The movie “the Martian” is finishing up its run at one of the local theaters. The Boss had been anticipating this ever since he completed the book last winter. It would be much better suited to the big screen than our fairly small television. So lunch and a matinee it was. I can honestly say that in nearly 32 years together, we have never done that before! As a matter of fact, we haven’t even been to the movies in years…well over 20 years. (something that the daughters pointed out when they found out where we had been)

The “day off” proved to be a success. I was prepared to be “under-whelmed” as I am not the fan of space stories and sci-fi that the Boss is. It was quite interesting and I found myself completely caught up in the story. And, as a farmer, I truly felt the protagonist’s pain when an accident blew up the module where he was growing potatoes and they instantly froze in the -200* atmosphere. When he touched the little frozen plant and it shattered, and he realized the crop was completely lost, I knew how that felt all too well.

So, movie over and “day off” enjoyed, we got back to the very necessary preparations for T’giving.

 ….which were all going quite well…

…until they weren’t.

My back decided to “go on strike”. And, it wasn’t a peaceful little sit-in kind of strike. It was a flat-out revolt. It was incredibly painful and simply walking was out of the question. I actually considered the emergency room at one point. However, I couldn't see spending the time or money to have them tell me to "give it time and take it easy". 

While the Boss’ true humility would prevent him from saying anything, I will have to let you in on a little secret. We wouldn’t have had a T’giving meal if it wasn’t for the Boss.

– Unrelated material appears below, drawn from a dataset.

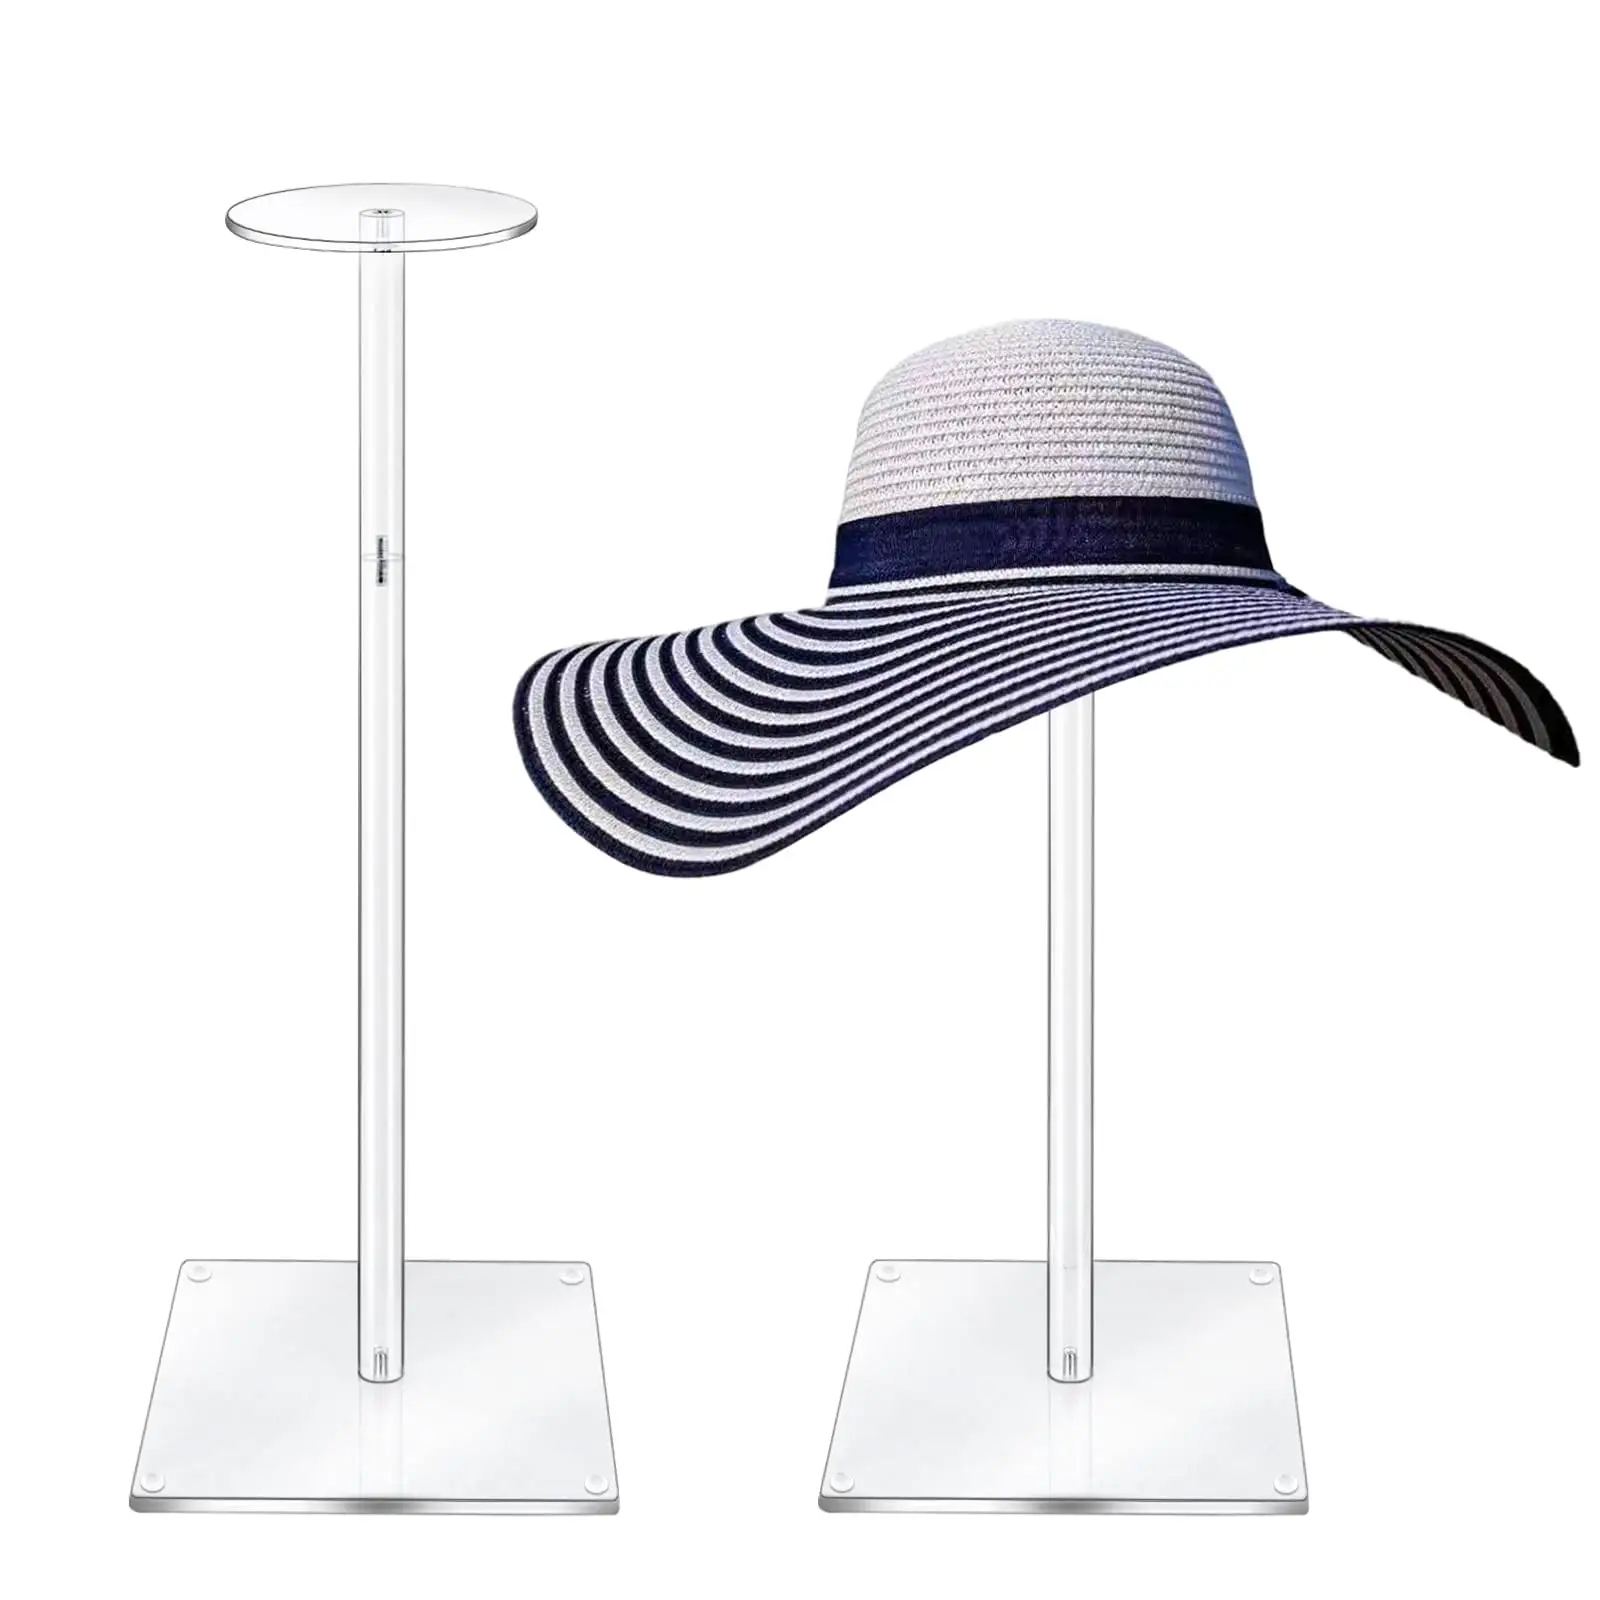 Gorro decorativo Fedora Cowboy Clear Hat Display Stand Acrílico Hat Rack con base redonda
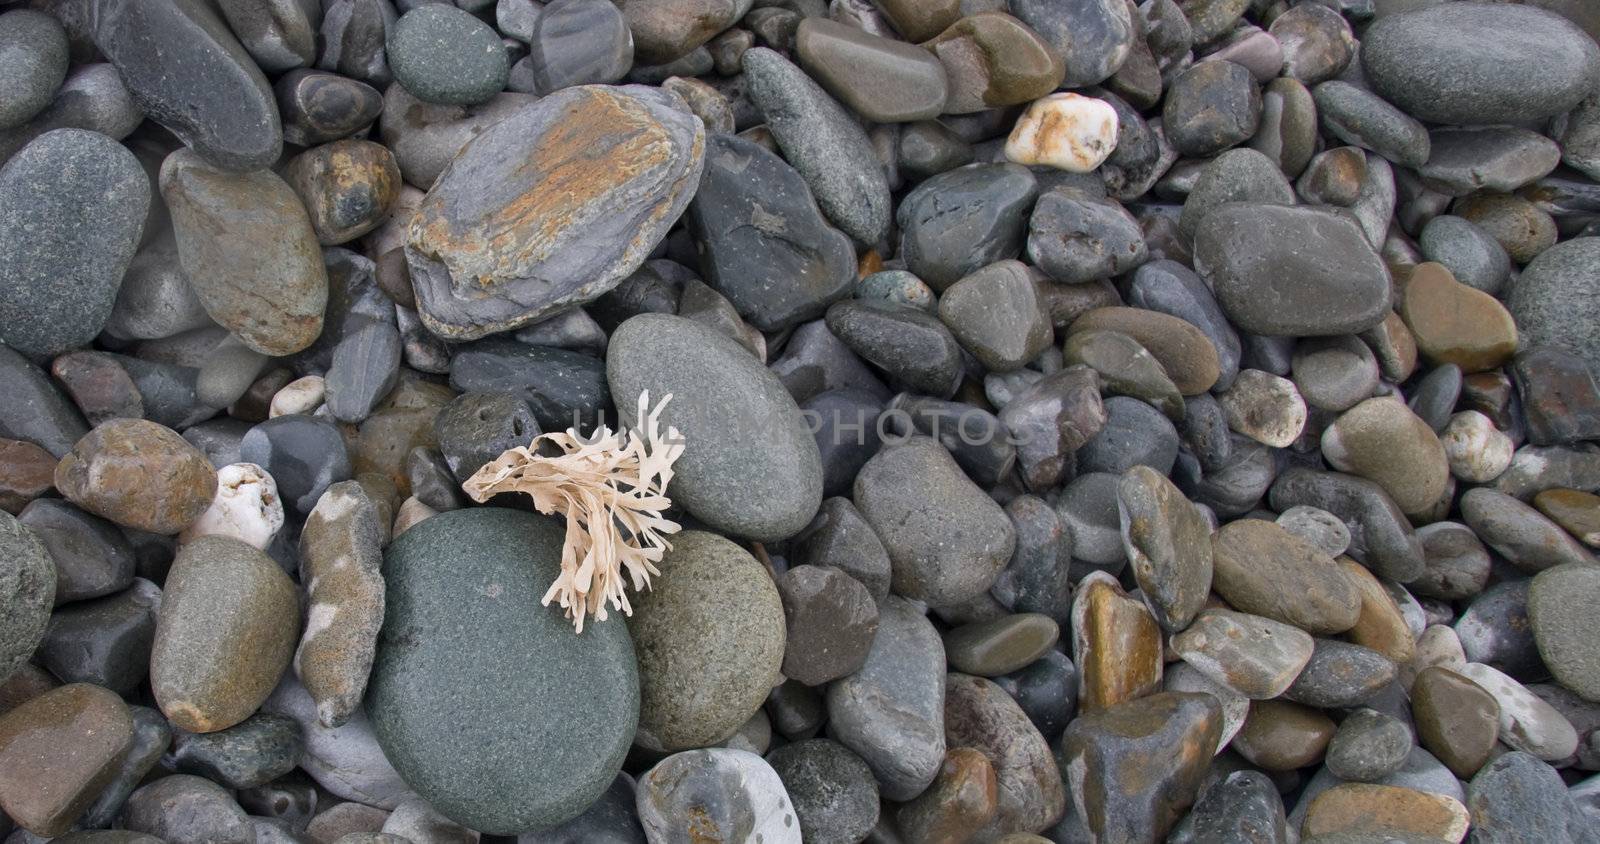 Pebbles and seaweed by groomee

He mixed and stirred and cooked while I gave directions. He made all kinds of food. He even cleaned while I collapsed in the recliner, popping ibuprofen and applying the heating pad.

He did an amazing job!

And, just when I thought he was done and I couldn’t be more thankful for him, he set off for town to get me a TENs device that we hoped would ease the pain. For my husband to willingly go into Walmart on the day before T’giving was a true act of love and it gave me one more thing to be thankful for on the big day. (although I’m pretty sure HE was thankful that I got the bathroom cleaning done before my back went out…vacuuming and dusting are one thing…)

When he got home with this tiny little thing, we both had serious doubts. But at that point we had nothing to lose. Amazingly, the little device worked! By T’giving morning, I could indeed walk again. However, bending and lifting were still pretty painful…but, we didn’t have to cancel our plans (that was my biggest worry earlier in the week)

We had a fun time visiting with all the kids…and snuggling with the grandbabies. T-bone's cousin and his young daughter joined us for the meal, so our little house was very full.

…and I'm pretty sure a good time was had by all. 

You know how funny it is to watch a room full of grown-ups howl at the adventures of Shaun the Sheep? (two movies in one week...we are going for some sort of record!)

It’s hard to believe that a year can make such an incredible difference. Last year, although we knew we would have a grandbaby in ’15, we didn’t know if it would be he or she…and we had no idea that there would be GB#2!  We have been doubly blessed. There should be more than one day for thanksgiving when you consider all the good things in our lives.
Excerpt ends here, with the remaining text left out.